This repository provides an example of a reinforcement learning environment on AWS that uses CloudWatch metrics as the observables. The CloudFormation script and associated code provides an environment that can be used to train and test reinforcement learning algorithms for provisioning resources based on CloudWatch metrics.

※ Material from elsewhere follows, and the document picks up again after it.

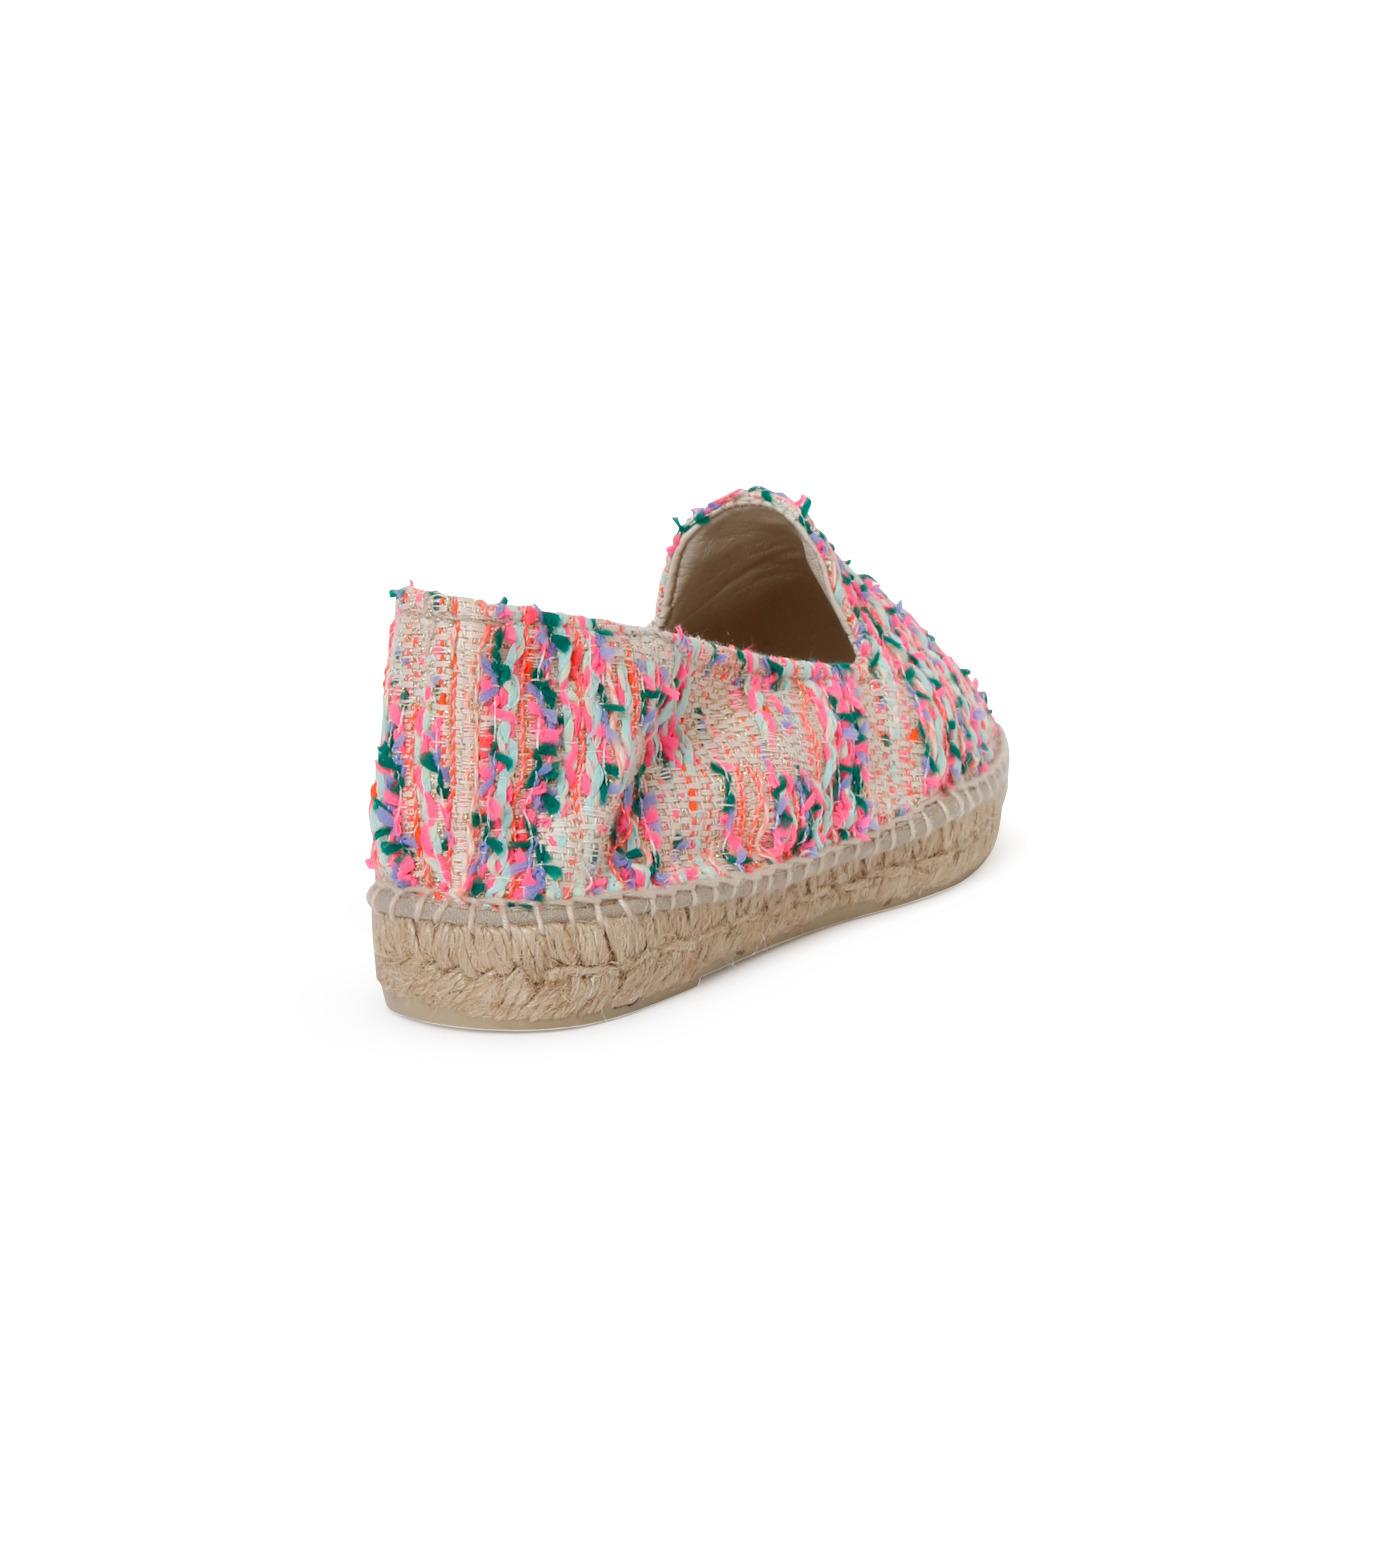 Manebi(マネビ)のneon tweed slippers-NEON PINK(シューズ/shoes)-V-4-3-N-70 拡大詳細画像3

The CloudFormation script will set up the VPC, two public subnets, an elastic load balancer (ELB) and autoscaling group (ASG) for your web server, an EC2 instance for the agent, and an EC2 instance for driving calls to the web service.
The web service is currently just a simple "Hello World" page, and should be replaced with something more meaningful. The web server instances are sitting behind an ELB, and scaled using an ASG. The max number of instances is set to 5 (modifying this is done directly in the awsenv/cloudopt_aws.py
file. Cost penalties for utilization are in awsenv/cloudopt.py
.
The Driver instance includes very simple code, which will have the correct ELB DNS substituted in when starting. This will be in the home area of the ec2-user
user. The driver is run at the command line as the ec2-user
:
$ ./driver/driver.py 100
where 100
is the number of iterations, and can be adjusted accordingly. If the driver is not started before the Agent codes, then there will be no CloudWatch metrics returned and the state will return all 0's.
The Agent EC2 instance automatically installs the AWS environment to be used with this system. The three algorithms that have been implemented are Tabular Q-learning, Deep Q-learning (DQN), and Double Dueling Deep Q Learning (D3Q). These can be launched with the following commands at the command line:
$ cd AWS-RL-Env
$ python DQN.py
$ python D3Q.py
$ python QLearn.py
The DQN and D3Q implementations were provided by Zhiguang Wang. Andy Spohn provided essential feedback on AWS-related aspects, including cost model and CloudFormation.